A new school was built in a differe
nt location and the West Nickel Mines schoolhouse was demolished. The scene of such unimaginable horror was returned to quiet grazing land.
The Virginia Tech Massacre
Year: 2007
Perpetrator: Seung-Hui Cho
Murdered: 32
He sought to emulate his heroes, the Columbine High School murderers, Dylan Klebold and Eric Harris. He succeeded. By the end of his rampage through the corridors of Virginia Polytechnic Institute and State University in Blacksburg, Virginia, 23-year-old South Korean immigrant, Seung-Hui Cho, had amassed a death toll more than twice the size of theirs’.
An Erratic Loner
Cho’s family had long been concerned about the erratic behaviour of their only son. He had always found it impossible to make friends and rarely spoke, leading them to suspect that he might be suffering from autism. His behaviour brought bullying from classmates that only forced him to retreat even deeper inside himself. He was diagnosed with depression and a social anxiety disorder known as selective mutism that explained his lack of speech. He went into therapy but gave up on it very quickly.

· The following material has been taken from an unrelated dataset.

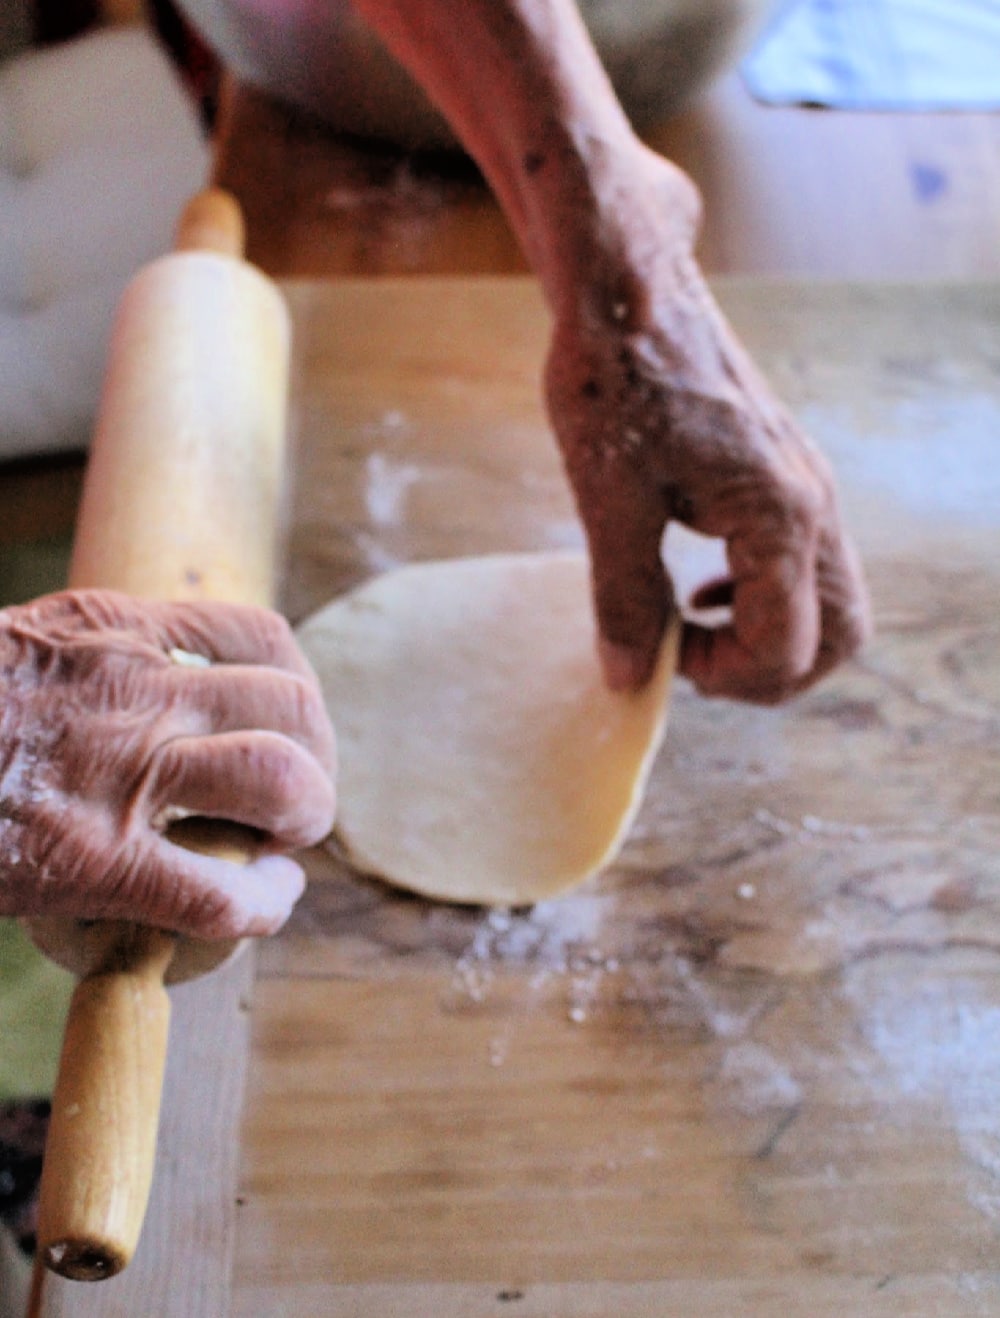 Hand holding a rolling pin and with the other hand flipping the rolled out dough.

At Virginia Tech, where he went to study English in 2003, his behaviour got worse. He would sign into class as ‘Question Mark’ and even used that name when introduced to people. His classmates began to call him the ‘Question Mark Kid’. He was thrown out of one class for photographing female students’ legs under their desks and his creative work became increasingly violent and obscene. Department Head, Lucinda Roy, thought that working on a one-to-one basis with him might help, but did not feel secure when she was with him, devising a secret signal that would let a colleague know if Cho started behaving inappropriately.
His attendance of classes fell away and he stopped doing any work. When he was not seated on a rocking chair staring emptily out the window, he could be seen typing relentlessly at the keys of his laptop. Once he rode his bike in endless circles around a dormitory car park, lost in thought. The song Shine by post-grunge band ‘Collective Soul’, played on a loop in his room, some of its lyrics – ‘Teach me how to speak/Teach me how to share/Teach me where to go’ – scrawled on his wall.